Just as in the US, in Canada there's no such thing as "illegal downloading." Guess it's lucky for the copyright cartels that the most popular way to download a movie is with bittorrent which, conveniently-enough, involves uploading (making available).
In general, though, I wish the media would stop parroting the general idea that it's illegal to download copyrighted materials. It's no more illegal than bringing home a bootleg CD bought on the streets of Karachi.
So CRIA will start suing end users in the same way RIAA did in US, accomplishing probably the same results regarding piracy deterrence: none. Good idea...
People should think twice about downloading content they know isn't proper
If the content is improper for viewing when pirated, how can one imagine obtaining it from a legit source would make it proper?
(in other words: what incentive do I have to move my ass in a movie theater chair or buy it on disk?)
Questions raise, answers kill. Raise questions to stay alive.
I really would like to see organized resistance and civil disobedience to the Media cartels, and a campaign to paint them as the evil monsters they are.
I happen to think that RIAA, MPAA, CRIA, and BREIN are Scoundrels, of the same vein as the Westboro Baptist Church, and the Taliban, and other hate based organizations that use a religious or quasi-religious basis just like religion does to persuade people that they should be paid forever and ever and ever for a non-product, and for what really is an economically stilted scam meant to drain the poor, oppress other people, abuse children, ruin people's lives over a non-reason. Efforts should be taken by interest groups to dismantle these organizations.
Your litigation campain advocates a
( ) technical ( ) legislative ( ) market-based ( ) vigilante (x) legal
approach to fighting piracy. Your idea will not work. Here is why it won't work. (One or more of the following may apply to your particular idea, and it may have other flaws which used to vary from state to state before a bad federal law was passed.)

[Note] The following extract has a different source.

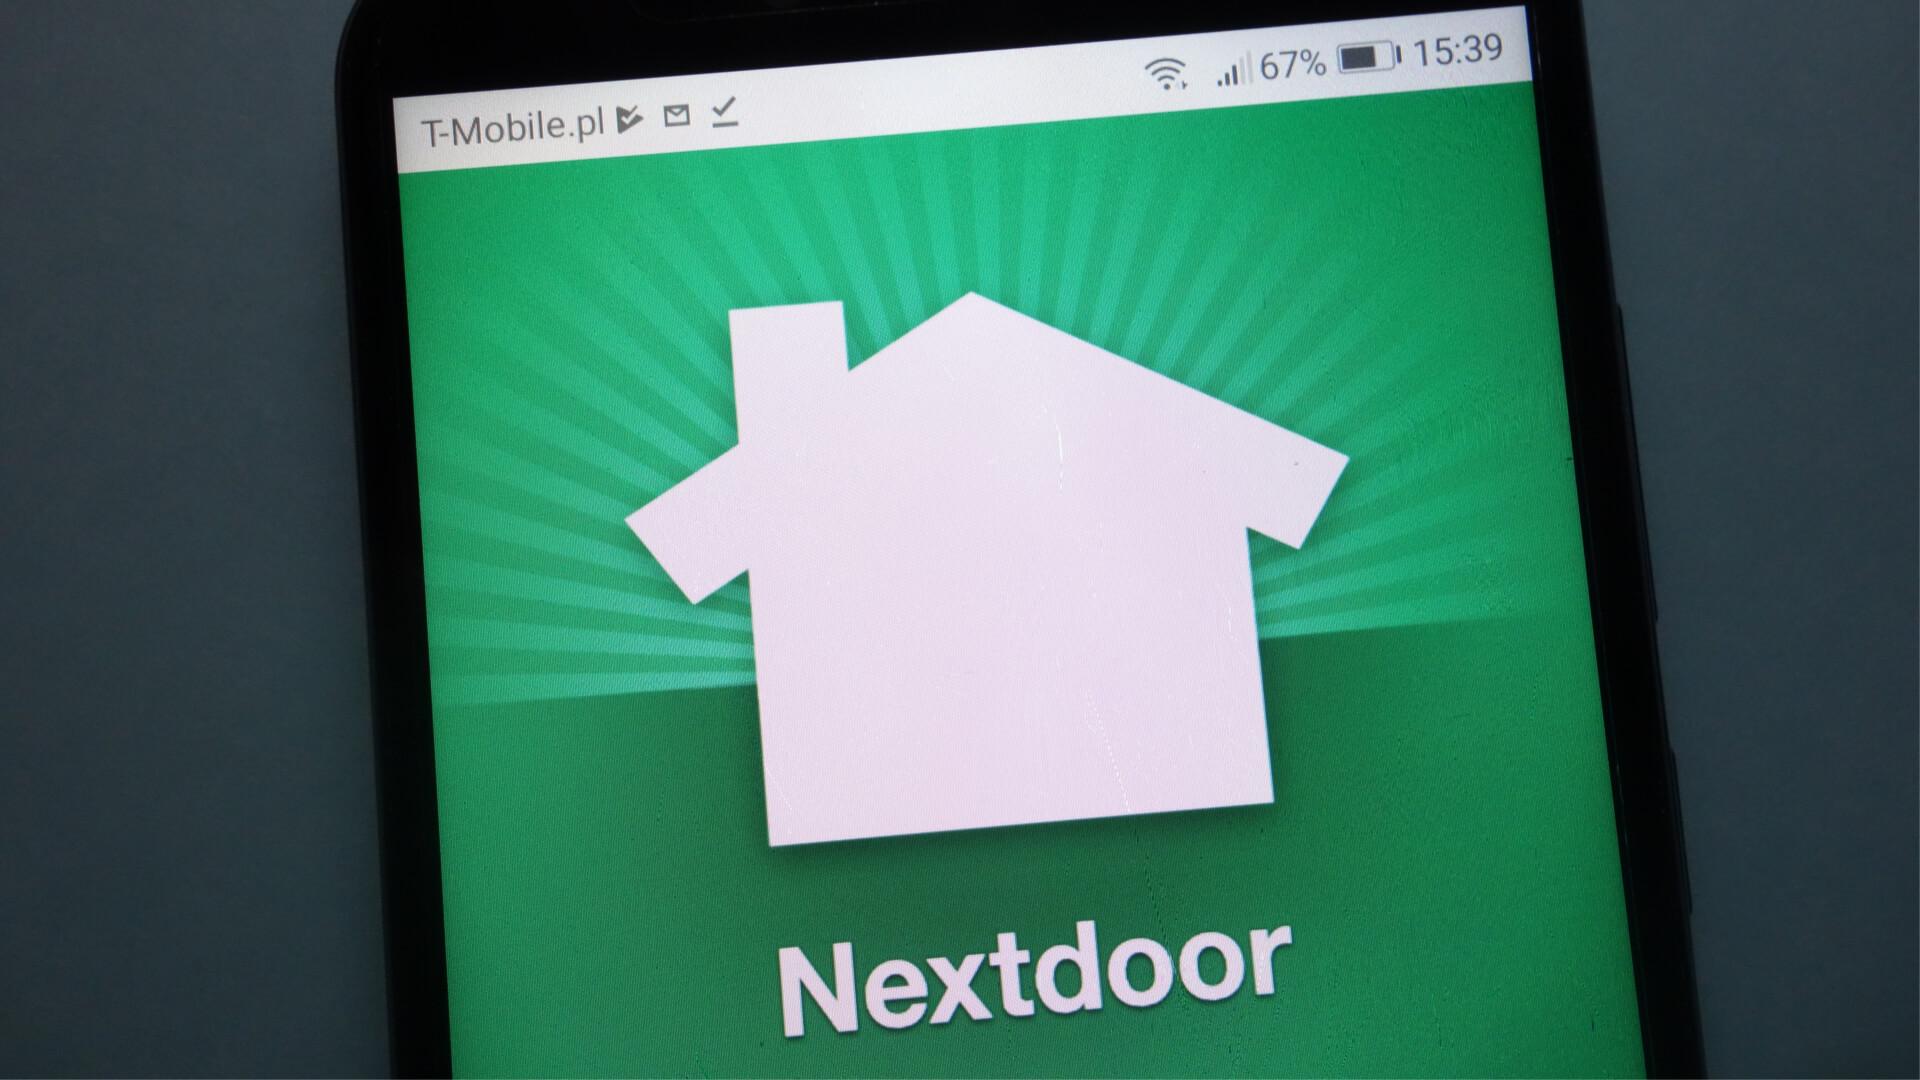 Nextdoor lanza Grupos y Mapa de ayuda en respuesta al brote de coronavirus

(x) Torrent sites will change to a new protocol
(x) They don't have the money to settle or pay damages
(x) Open wi-fi access points
( ) It is defenseless against brute force attacks
(x) Litigation is not actually a deterrent to teenagers
(x) Your evidence collection methods are open to attack in court
( ) Microsoft will not put up with it
( ) The police will not put up with it
( ) Requires too much cooperation from judges
( ) Requires immediate total cooperation from everybody at once
( ) Many ISPs cannot afford to lose business
( ) Pirates don't care about invalid addresses in their lists
(x) Anyone could anonymously destroy anyone else's career or business
(x) Bad press when you sue a grandmother for what a 10 year old does
Specifically, your plan fails to account for
( ) Laws expressly prohibiting it
( ) Lack of centrally controlling authority for the net
(x) Open proxies in foreign countries
(x) Tor and darknets
(x) Asshats
(x) Jurisdictional problems
( ) Unpopularity of weird new taxes
( ) Public reluctance to accept weird new forms of money
( ) Willingness of users to install OS patches received by email
(x) Armies of worm riddled broadband-connected Windows boxes
( ) Eternal arms race involved in all filtering approaches
( ) Extreme profitability of piracy
( ) Joe jobs and/or identity theft
( ) Technically illiterate politicians
( ) Extreme stupidity on the part of people who do business you
( ) Dishonesty on the part of pirates themselves
( ) Bandwidth costs that are unaffected by client filtering
and the following philosophical objections may also apply:
( ) Ideas similar to yours are easy to come up with, yet none have ever
been shown practical
(x) Any scheme based on mass lawsuits and prosecution is unacceptable
( ) IP headers should not be the subject of legislation
( ) Blacklists suck
( ) Whitelists suck
( ) Countermeasures should not involve wire fraud or credit card fraud
( ) Countermeasures should not involve sabotage of public networks
( ) Countermeasures must work if phased in gradually
( ) Sending data should be free
(x) Why should we have to trust you and your servers?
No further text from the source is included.